Justice of the High Court
- In office 17 May 1989 – 2004

Personal details
- Born: Michael Morland 16 July 1929 (age 96)
- Children: 2
- Education: Stowe School Christ Church, Oxford

= Michael Morland =

British judge

Sir Michael Morland (born 16 July 1929) is a British barrister and retired judge. He was a Justice of the High Court (Queen's Bench Division) from 1989 to 2004. He is best remembered as the judge who tried Robert Thompson and Jon Venables for the murder of James Bulger.

== Biography ==
Educated at Stowe School and Christ Church, Oxford, Morland served in the Grenadier Guards as a second lieutenant from 1948 to 1949, seeing service in Malaya.

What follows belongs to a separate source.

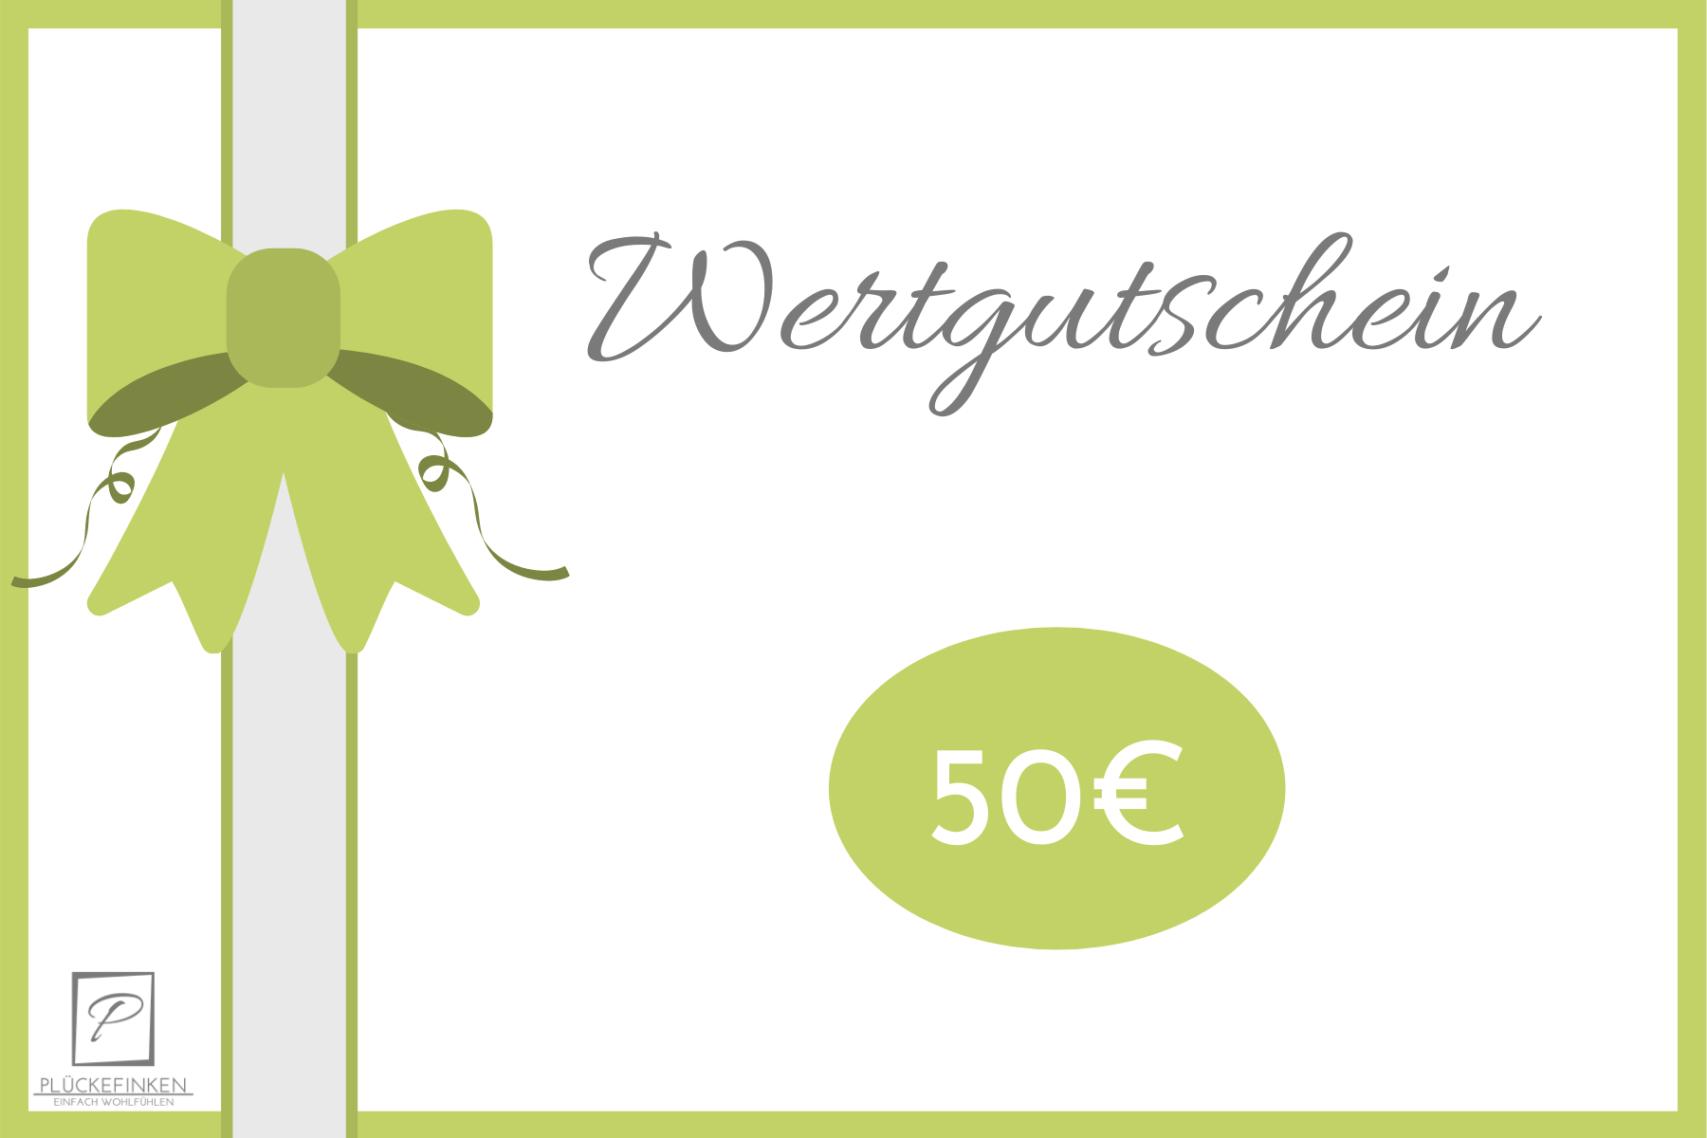 Wertgutschein-50Euro

He was called to the bar by the Inner Temple in 1953 (becoming a bencher of the inn in 1979). He then joined the Northern Circuit, becoming a Queen's Counsel in 1972.

Morland was a recorder from 1972 to 1989, when he was appointed to the High Court, receiving the customary knighthood. Assigned to the Queen's Bench Division, he was Presiding Judge of the Northern Circuit from 1991 to 1995.

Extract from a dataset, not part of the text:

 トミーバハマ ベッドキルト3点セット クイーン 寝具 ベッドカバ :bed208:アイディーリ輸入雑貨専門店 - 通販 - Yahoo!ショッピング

In 1993, Morland tried Robert Thompson and Jon Venables for the murder of James Bulger. Upon conviction, they became the youngest convicted murderers in modern British history. Morland sentenced them to be detained at Her Majesty's pleasure, with a recommendation that they should be kept in custody for "very, very many years to come", recommending a minimum term of eight years. He also lifted the anonymity orders on the two boys after they were convicted.

Morland retired in 2004 upon reaching the statutory age. In retirement, Morland chaired the inquiry into the killing of Rosemary Nelson.